I have yet to complete a single piece of work. I have a list of characters that have come to me, relationships that I want to explore, several first chapters and even a couple of half way there pieces. So, why have I not completed anything? Many obvious reasons like graduate school, starting a new career, motherhood and all that jazz. The real reason, though, is I wasn’t sure my pieces would ever matter. Technically, I still don’t know that they will. What I do know is that I have a small gathering of family and friends that have been encouraging me to write and tell my stories.
So, it begs the question, why do I write? Belonging. I am relational and I am intrigued by how people find their place in life, love, relationships, careers and every other aspect that makes life worth living. As I think about the stories and characters I have in the works I notice their pulse beats for belonging just like me. A lot of the characters are strong and smart and have enough gumption to get them where they think they want to be and just when they are almost there, they waver on whether it’s what they really want, if they are worthy of what they have worked so hard for or if there could be something even better for them. What they’ve wanted and worked for might seem perfect but I think we can all relate to a moment when we have arrived to an almost there point. Maybe a decision wasn’t necessarily warranted but, perhaps, an acknowledgement? Or things look a bit different than we had expected it to and we needed to come to terms with it or pivot and move on. Right?

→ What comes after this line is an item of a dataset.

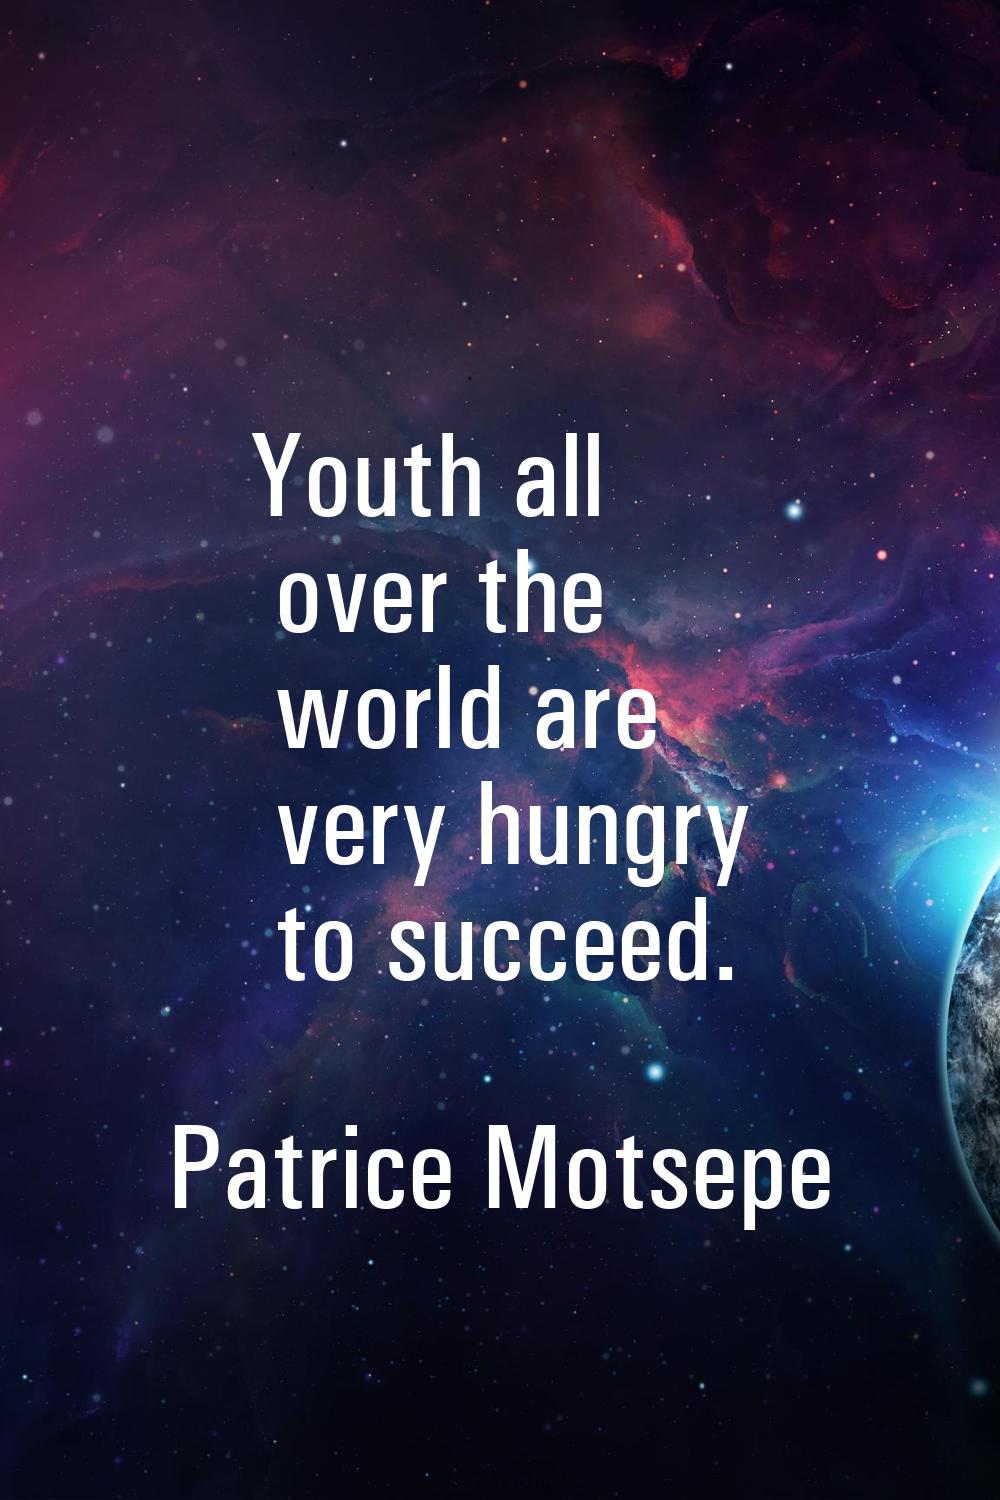 Youth all over the world are very hungry to succeed.

I write because I love to create worlds which aren’t all to far off from our own life. I write to find a place that envelopes me with wonder, hope, joy, love, romance, confidence and personal peace. I want this for my future readers, too.
I imagine someone opening up a book of mine one day and it feels like falling into a comfortable couch with a good friend that you can say anything to and feel safe. Soon, I’ll share these stories with you.